Material for this exercise:
____________

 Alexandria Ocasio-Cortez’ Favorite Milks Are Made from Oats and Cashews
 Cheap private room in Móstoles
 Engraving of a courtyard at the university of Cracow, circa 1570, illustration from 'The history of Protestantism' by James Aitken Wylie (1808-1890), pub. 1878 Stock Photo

____________

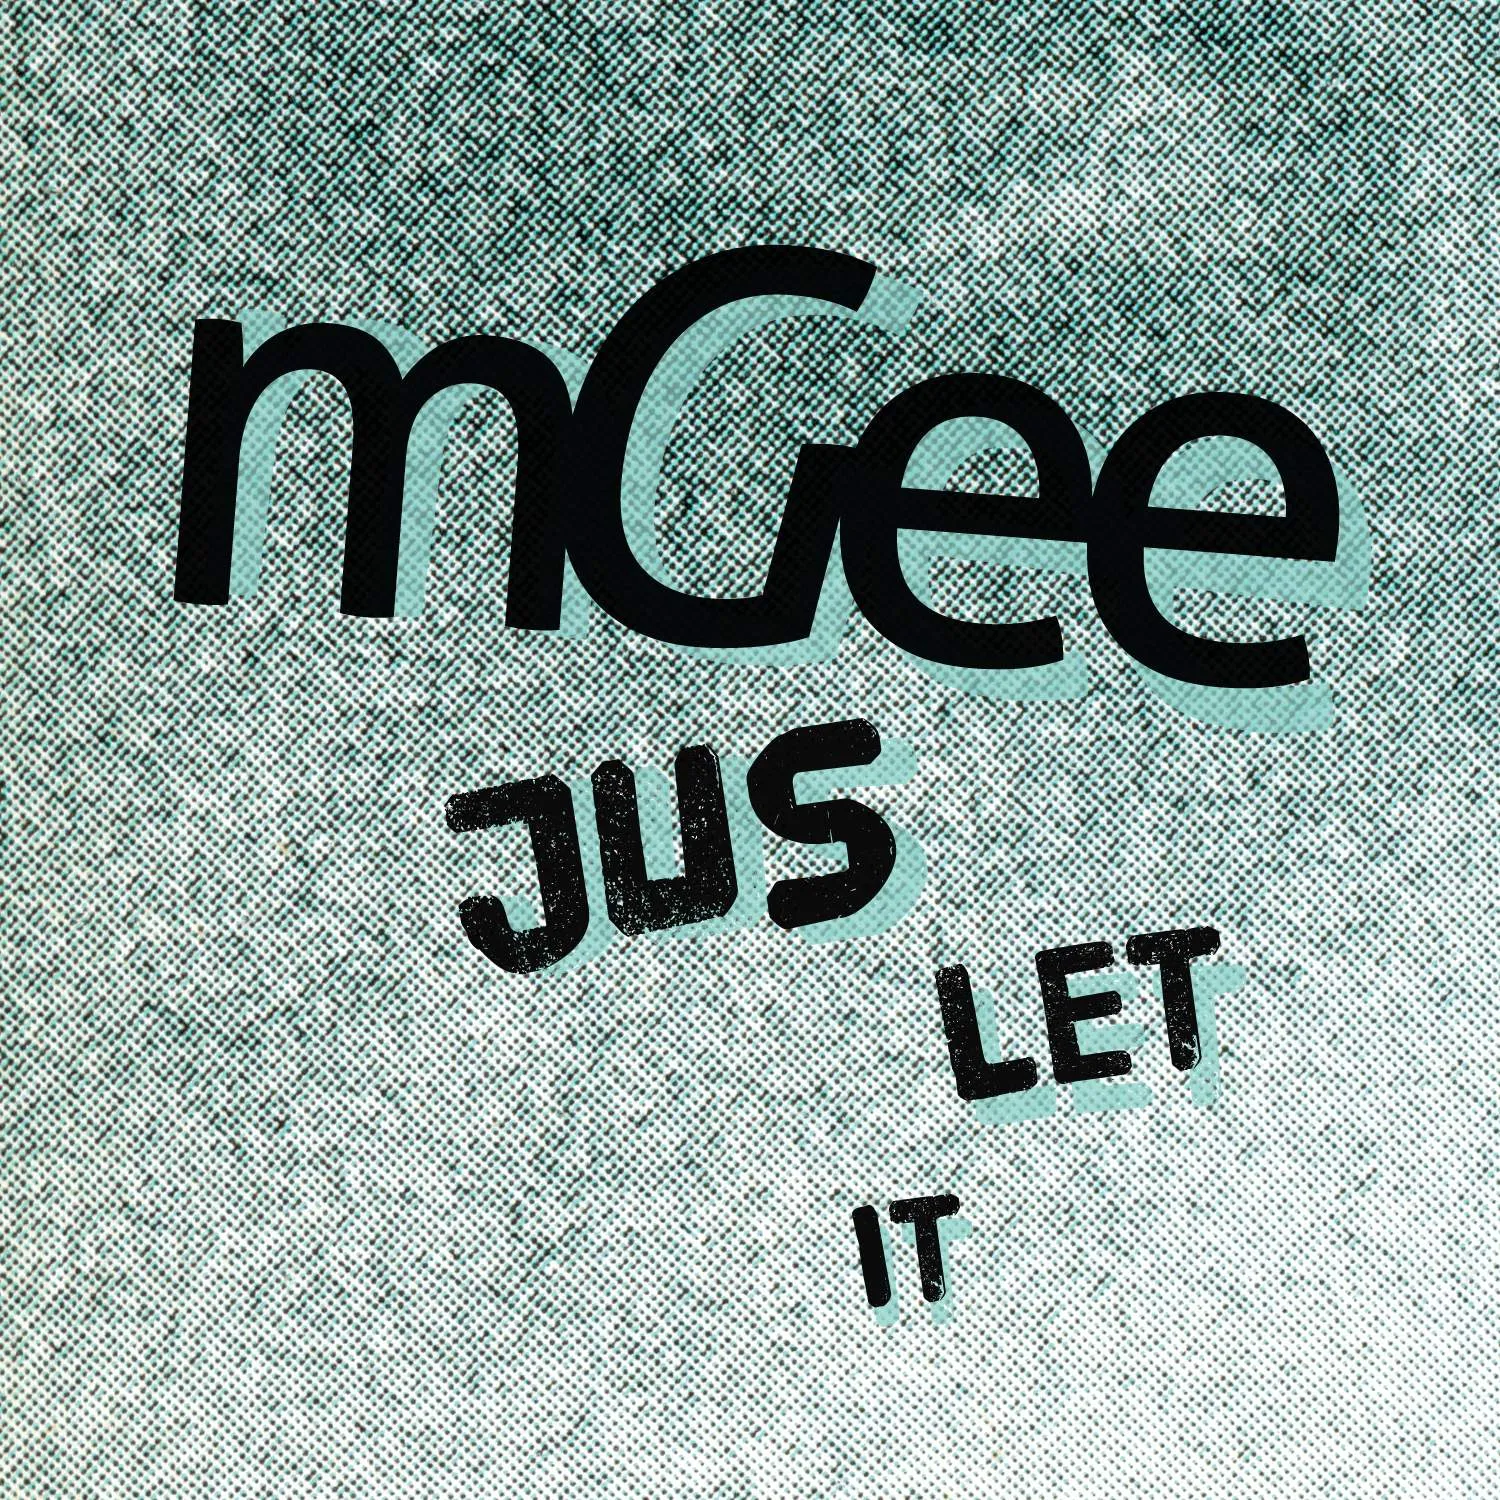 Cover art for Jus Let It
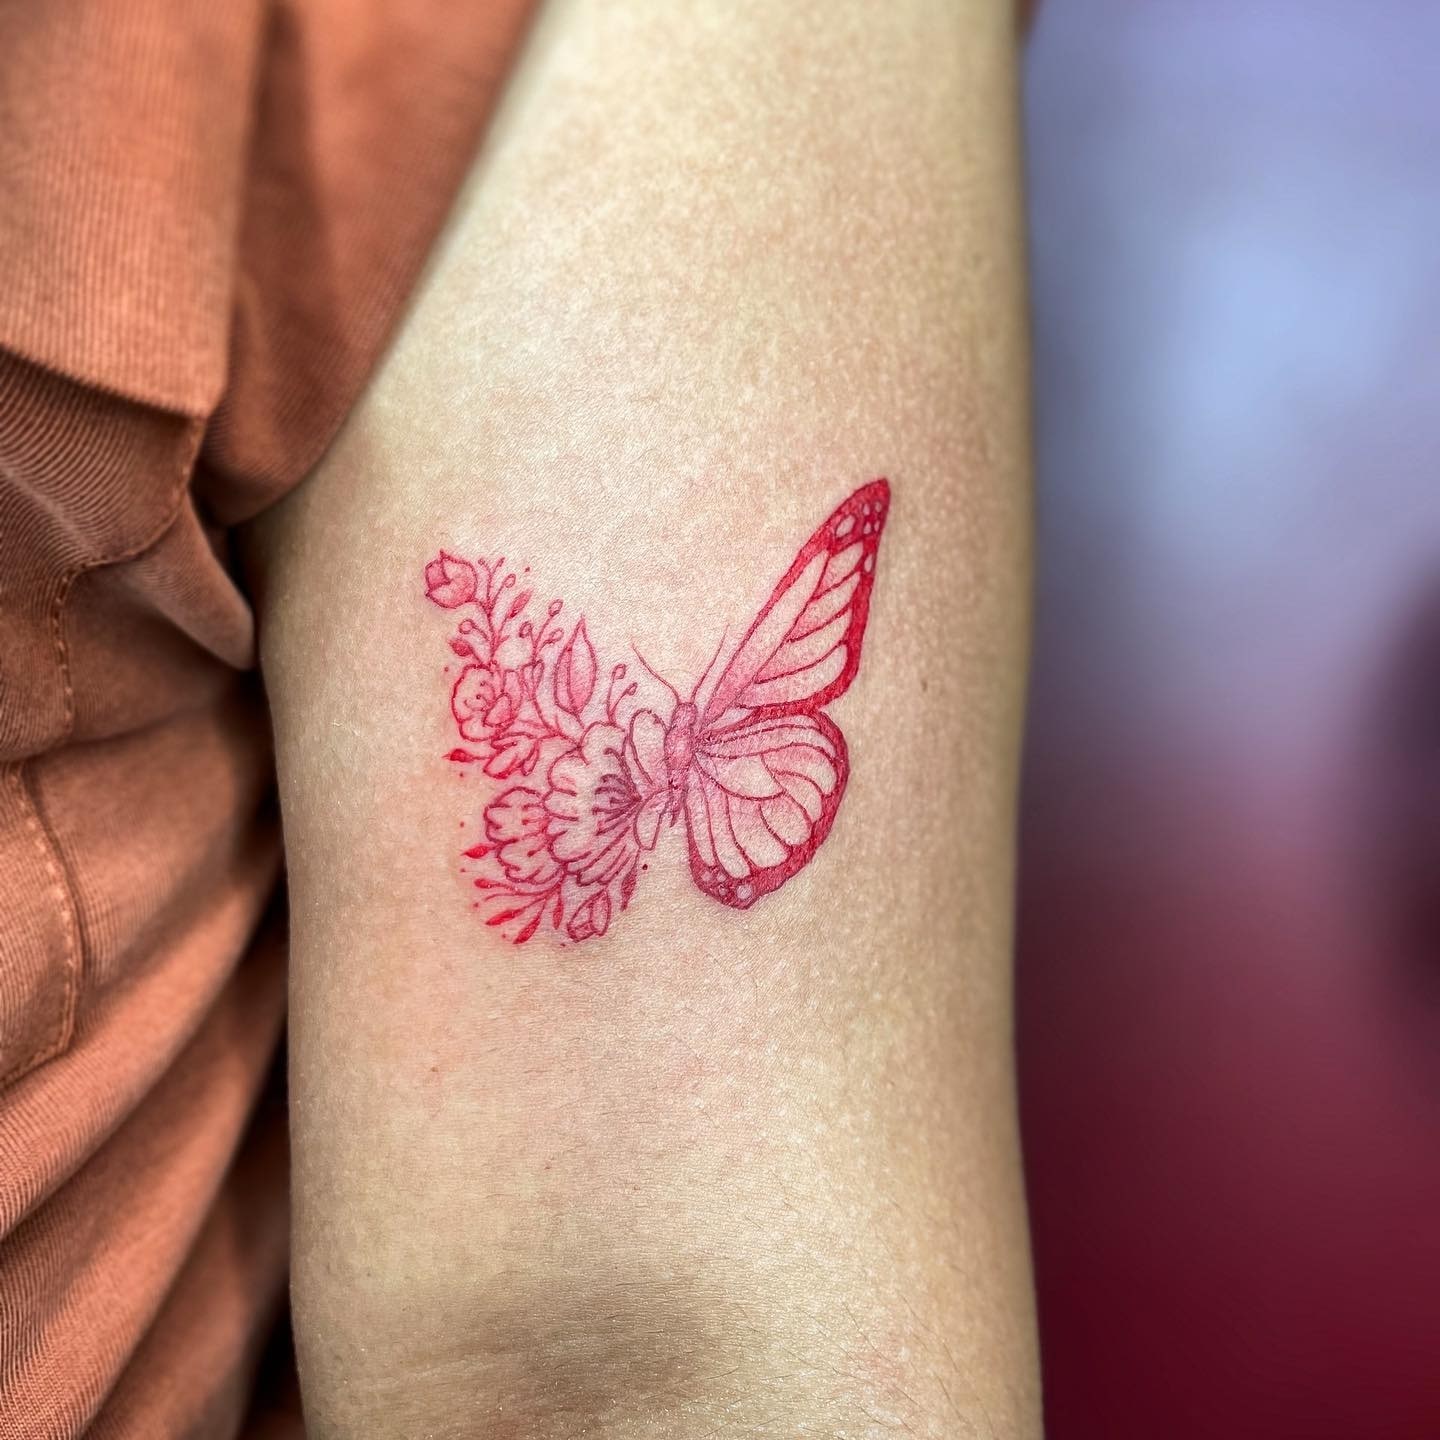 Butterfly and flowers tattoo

____________

Activity: Scan the material above for "from". Copy every line where it appears.

Response:
 Alexandria Ocasio-Cortez’ Favorite Milks Are Made from Oats and Cashews
 Engraving of a courtyard at the university of Cracow, circa 1570, illustration from 'The history of Protestantism' by James Aitken Wylie (1808-1890), pub. 1878 Stock Photo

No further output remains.